Source data:
===

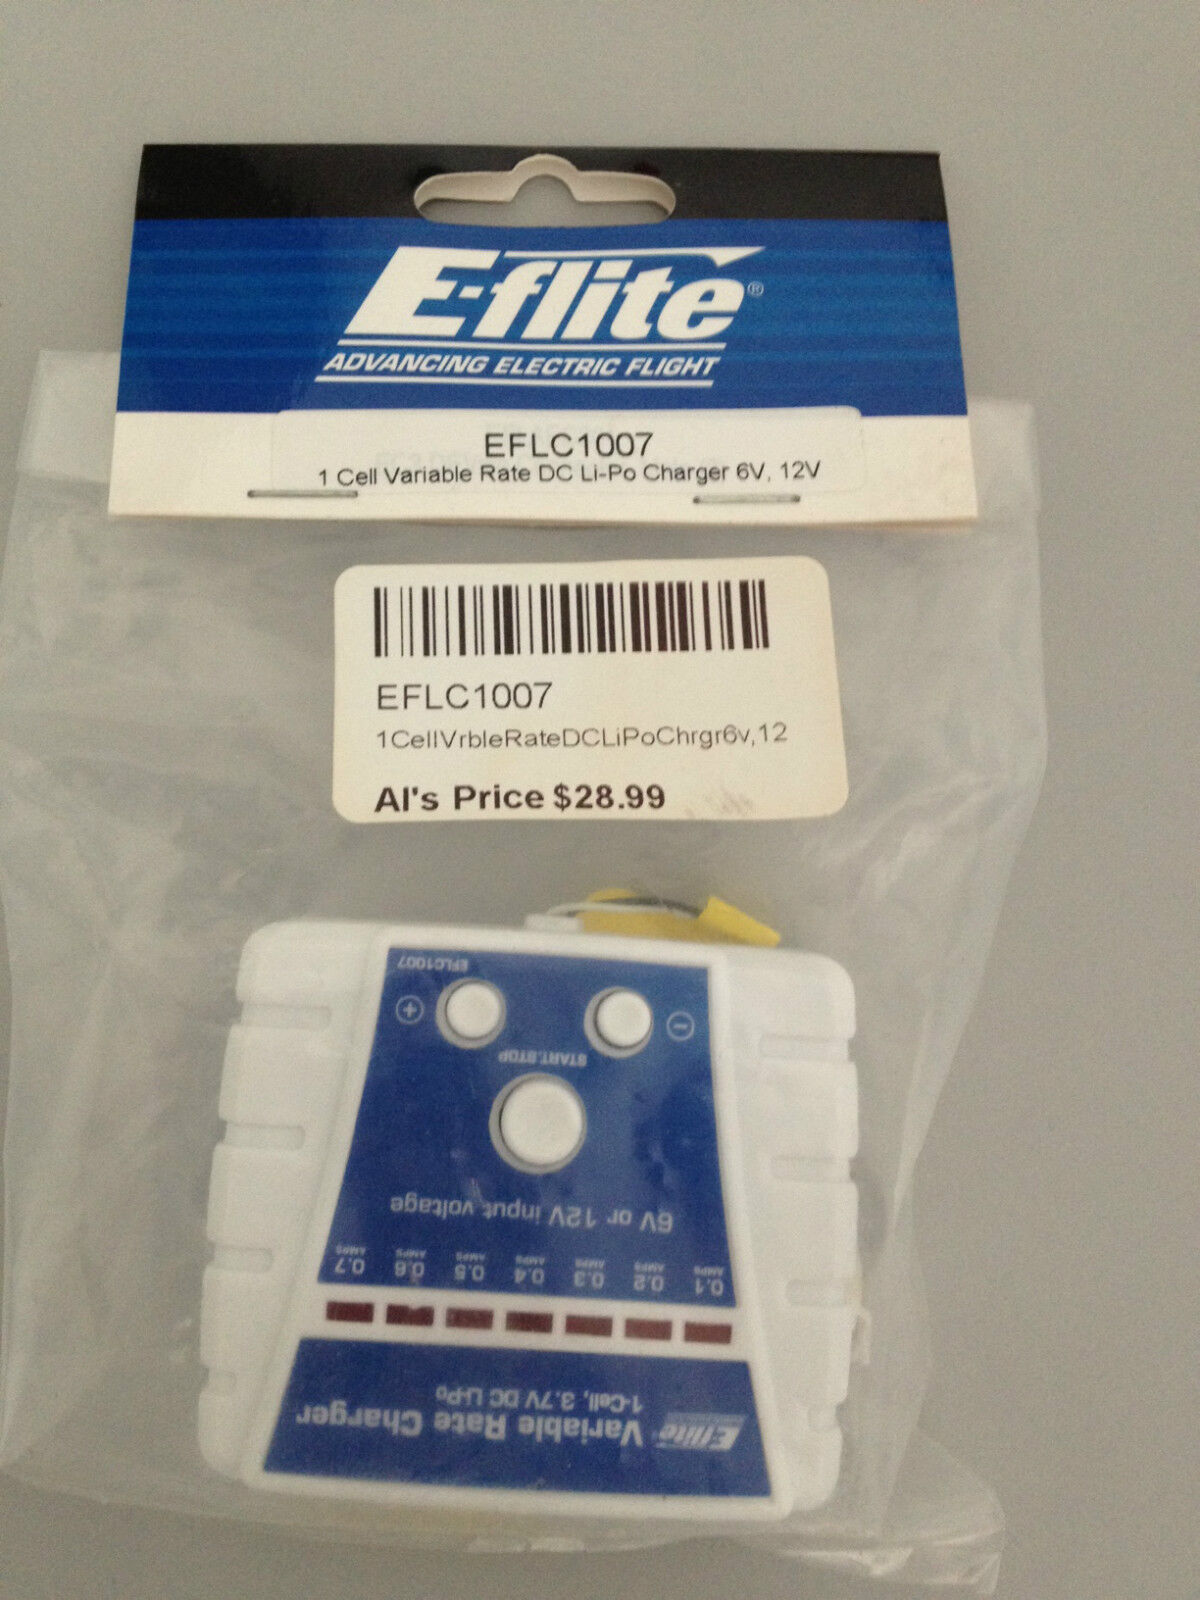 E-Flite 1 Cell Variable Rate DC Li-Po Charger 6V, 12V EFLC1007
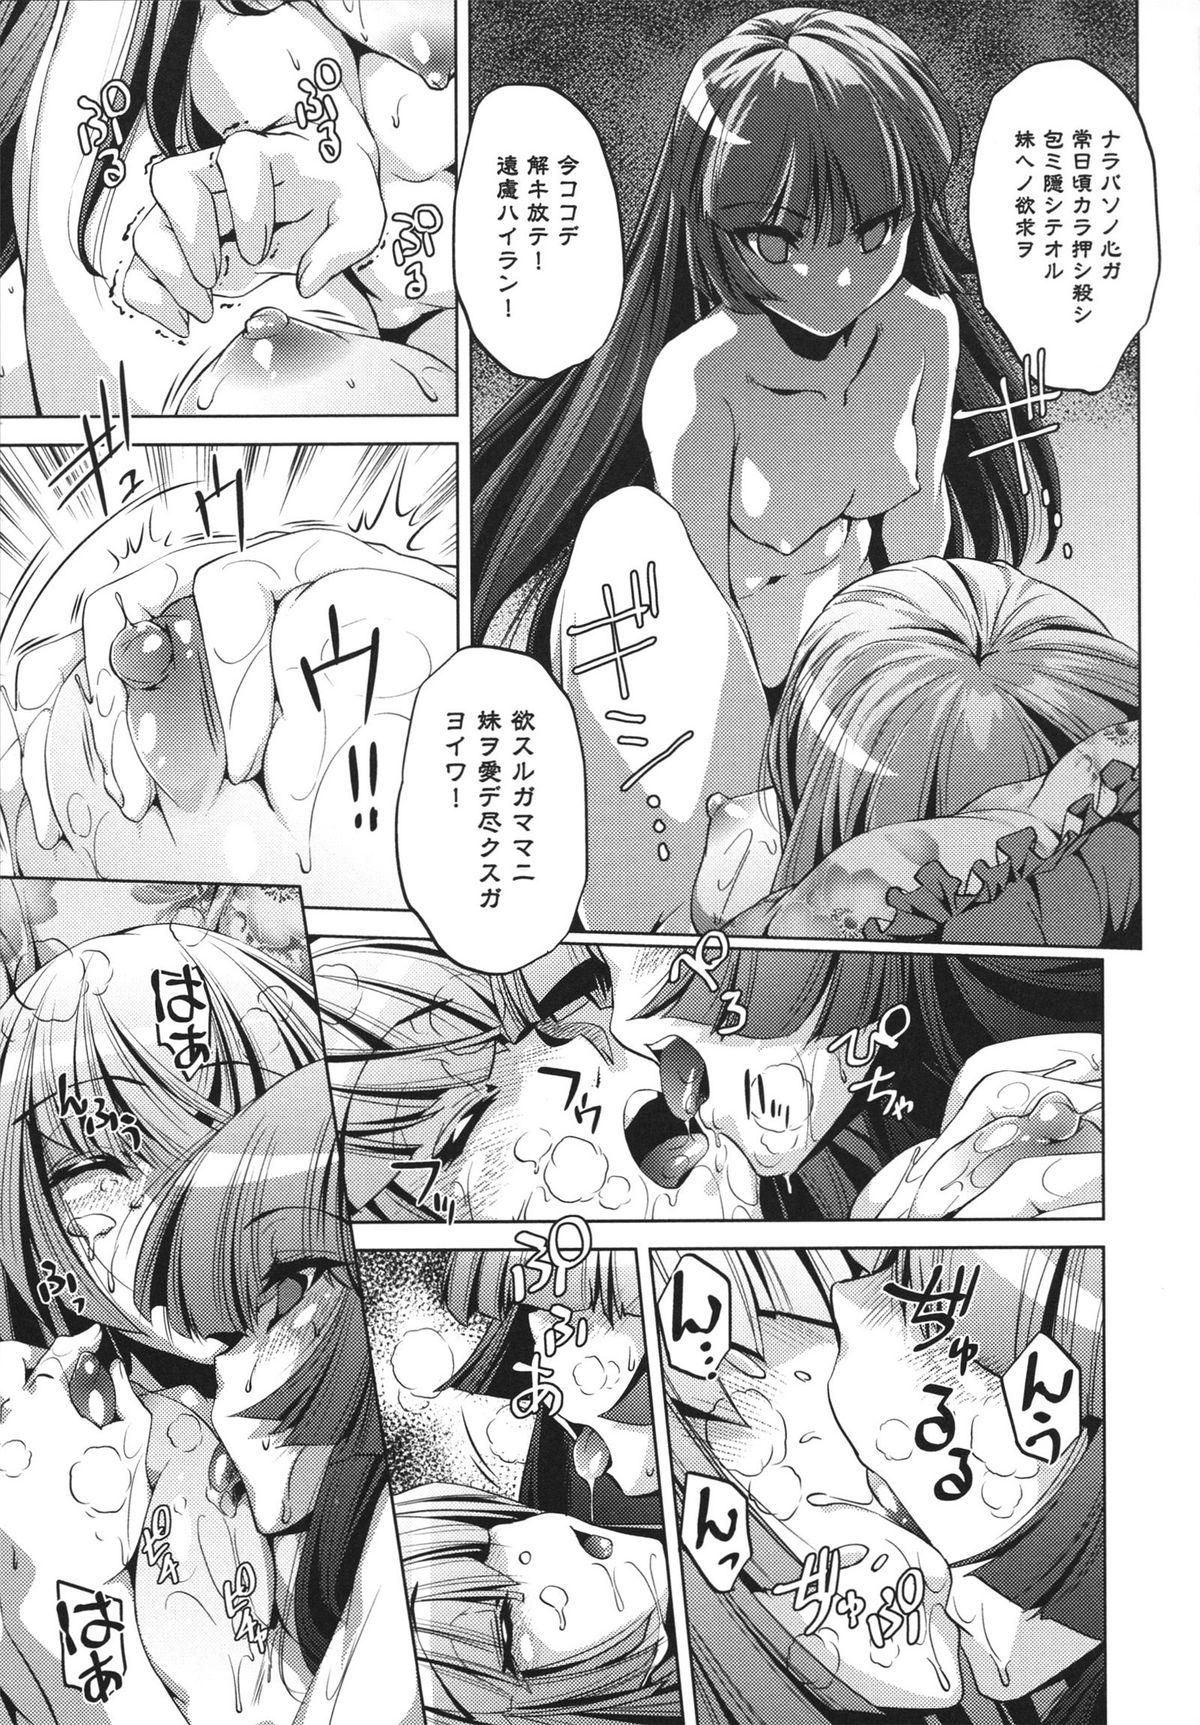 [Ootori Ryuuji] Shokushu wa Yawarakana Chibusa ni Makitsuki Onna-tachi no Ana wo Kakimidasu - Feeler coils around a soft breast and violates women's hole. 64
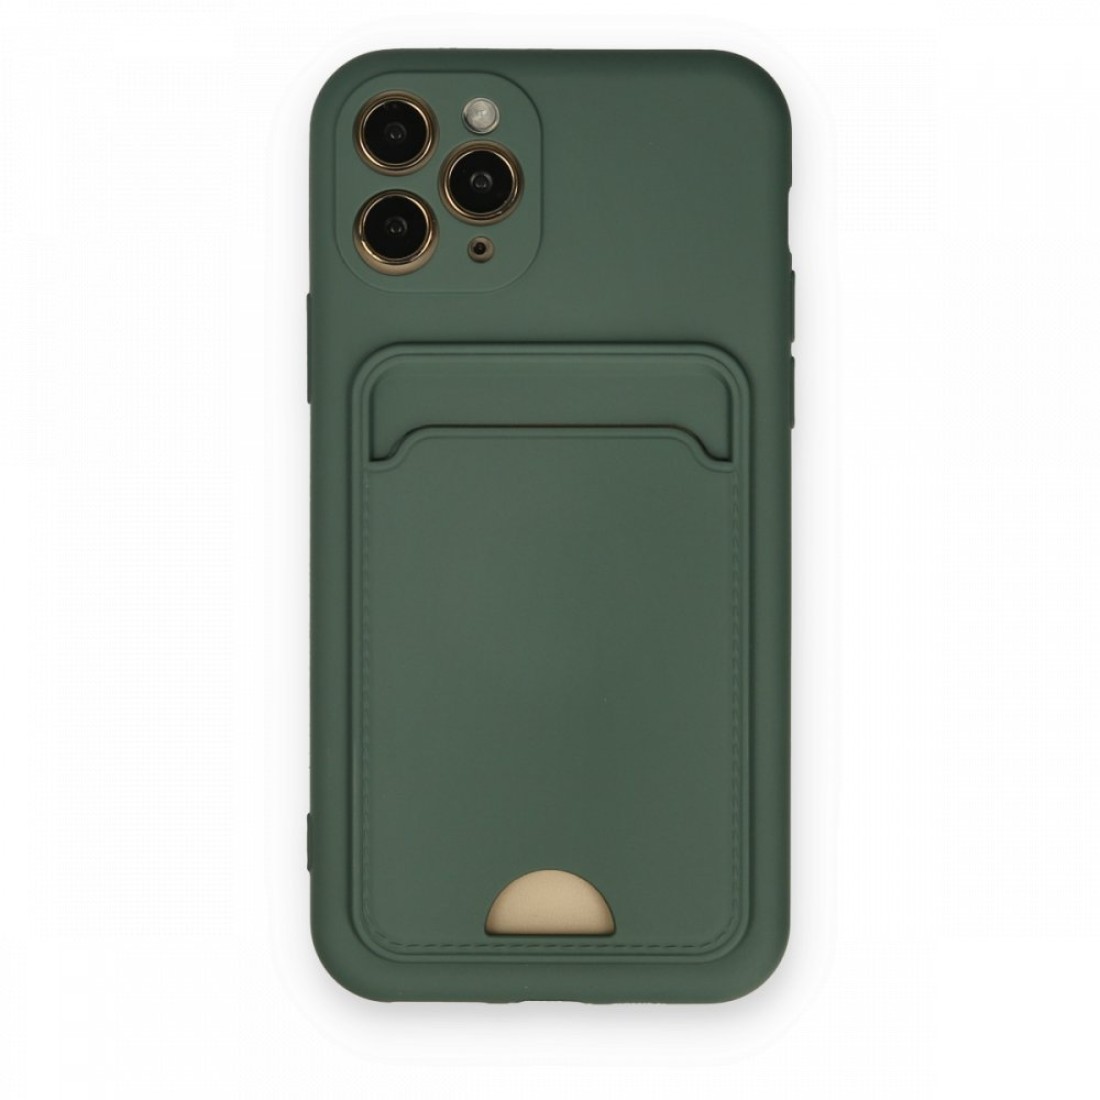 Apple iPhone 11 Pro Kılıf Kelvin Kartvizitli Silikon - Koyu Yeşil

===

What this task involves: Each line from the start of the listing above through the line with "[Ootori Ryuuji] Shokushu" is what to output, exactly as written and without pictures.

Finished exercise:
 E-Flite 1 Cell Variable Rate DC Li-Po Charger 6V, 12V EFLC1007
 [Ootori Ryuuji] Shokushu wa Yawarakana Chibusa ni Makitsuki Onna-tachi no Ana wo Kakimidasu - Feeler coils around a soft breast and violates women's hole. 64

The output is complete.